Всадники остановились, передний тряхнул лопатистой бородой, посмотрел на племянников, расхохотался, свесился с седла, выставил руки, принял Мечислава.
— Здорово, племянничек! Э-эх! Твердушка, ступай на ногу, подниму и тебя. Ну, чего нового в вольном Кряжиче?
Тверд забрался по стремени, устроился рядом с потеснившимся братом, куль мешает, да — ничего. Мечислав опередил брата:
— Да вот, змея пускали на реке.
— Ишь, самого Змея? Ну и как? Чего так рано возвращаетесь?
— Порвался, — потупился Мечислав, — только мамке не говори, ладно? Мы мигом зашьём.
Четвертак обернулся к воинам, ткнул пальцем в серёдку неба:
— Понятно, богатыри? А, да какие вы богатыри… вот — богатыри! Самого Змея порвали!
— Порвали да застеснялись, — откликнулся кто-то из воинов.
Мечислав забеспокоился, поднял голову к дядьке.
— Только мамке не говори, ладно?

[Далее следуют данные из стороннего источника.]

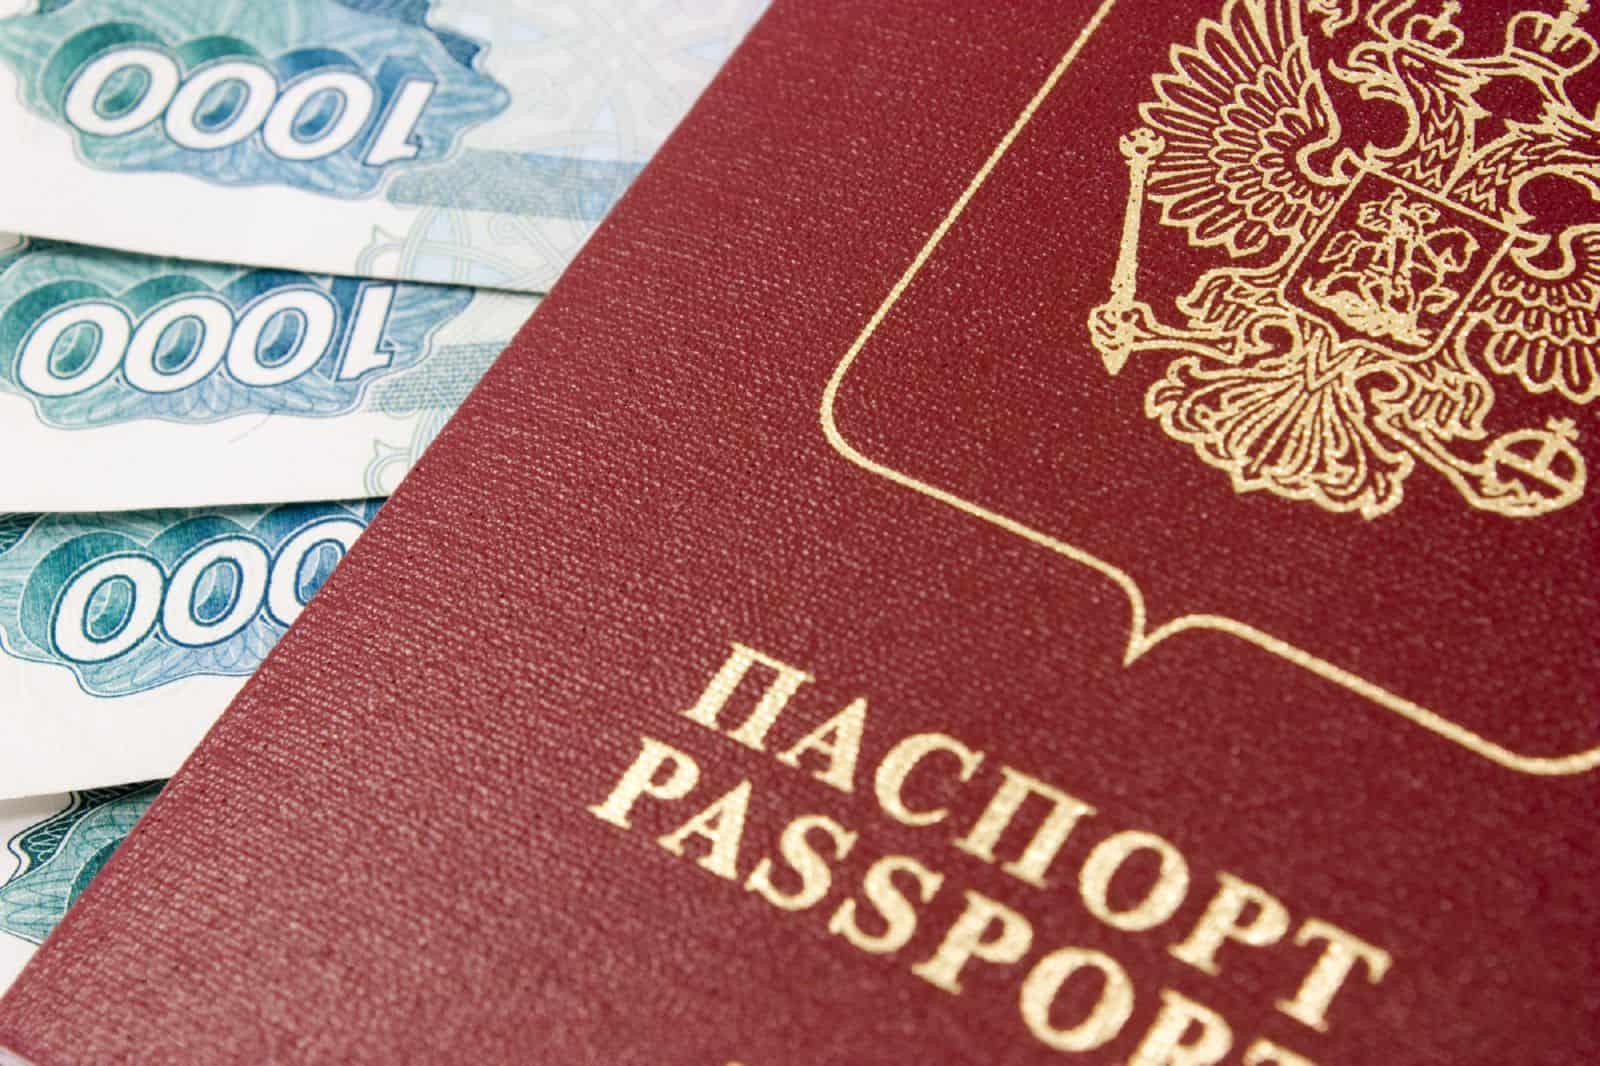 Процедура временной регистрации краснодар временная регистрация для граждан снг i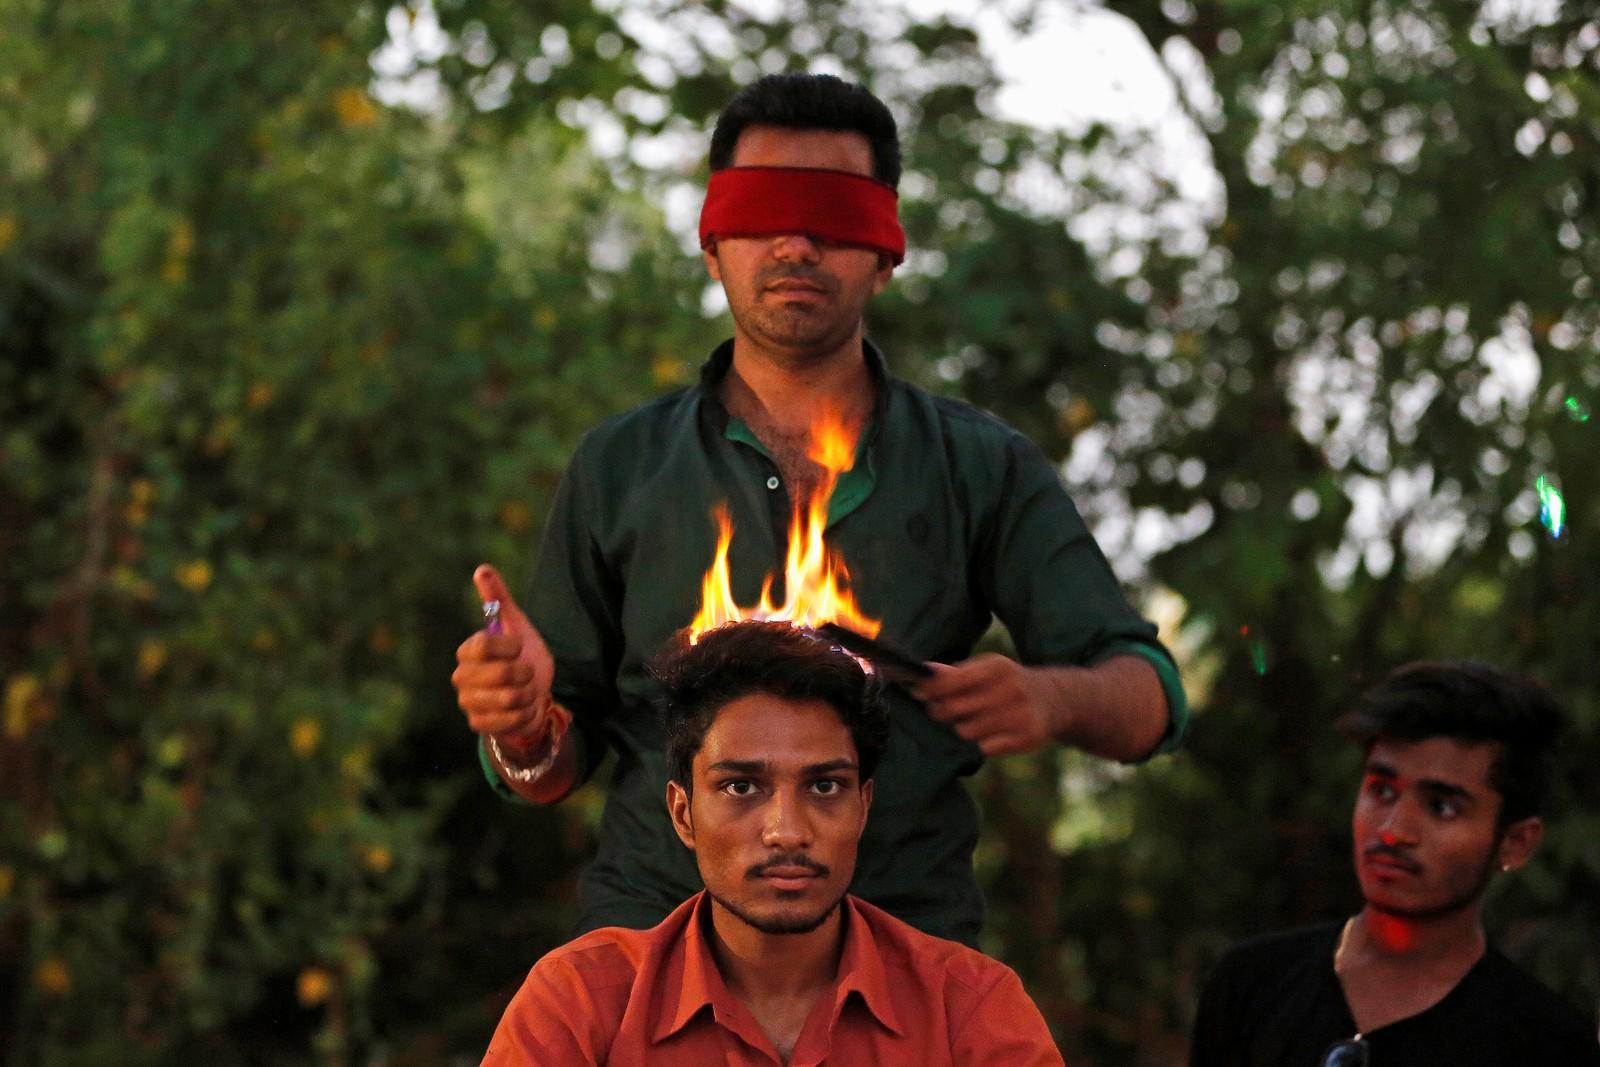 """En frisør med bind for øynene og åpen ild er nok en lite fristende kombinasjon for de fleste. Den indiske """"hårkunstneren"""" Vishnu Limbachiya tilbyr imidlertid akkurat det i en park i Ahmedabad."""

Оно случайно так получилось.
— Ясно, остолопы? Мамке, чтоб ни слова! Кто проболтается — зад надеру!
Воины заухмылялись, захмурились, позакрывали рты ладонями. Мамке — ни слова, хоть режь, ни единого.
***
Солнце едва перешло середину небосвода, начиналась настоящая весенняя жара, самое время плеснуть на лицо, как это делает отец, дождевой воды из бочки, спрятаться в тереме и выпить холодного кваса. В суматохе никто не заметил, что братья вернулись так рано, летом обычно приходили к ночи и ели уже остывшее. Сейчас же с кухни пахнет сдобным, жаренным, копчёным и варёным, аж слюнки потекли. Ясное дело, стряпухи расстарались для Четвертака и его сотни.
Братья быстро забежали в свою комнатку, бросили змея в сундук, мигом переоделись к трапезе и как послушные дети, получили по круглому, рассечённому накрест, душистому и горячему ржаному коржику. Отец, могучий папка, самый сильный на свете, хмыкнул, что-то шепнул маме, та повела тонкой бровью, но Мечислав разобрал только «…ворили», сделал вид, что не придал значения. Дядька Четвертак, кажется, услышал и подмигнул ребятам.
Папка казался расстроенным, словно не поделил с дядей деревянного коня. Поглядывал искоса, но при детях не говорил. Лишь, выбежав из трапезной, Мечислав задержался помыть руки у медного таза за дверью и краем уха услыхал басовитый голос Четвертака:
— Значит, дорожным серебром ты решил не делиться?
— Дорожное, братец — для дорог. Это не моё серебро. Мы на него города вязать будем. А уж когда свяжем, тогда и барыш утроится.
— Деньги в дороги закапывать? Миродар, не слишком ли щедро?
— Дороги нам нужны? Нужны. Меттлерштадт видишь, как торгует? А нас стороной обходит. Купцы Змеевы жалутся: кругом идти дешевлее.
Мечислав звякнул медной кружкой о таз, смутился, для порядка ещё погремел, чтобы не подумали, будто подслушивает. Но мужчины не обратили внимания, тихо себе гудели. Пришлось так же громко топать в комнату, где спрятали порванную игрушку.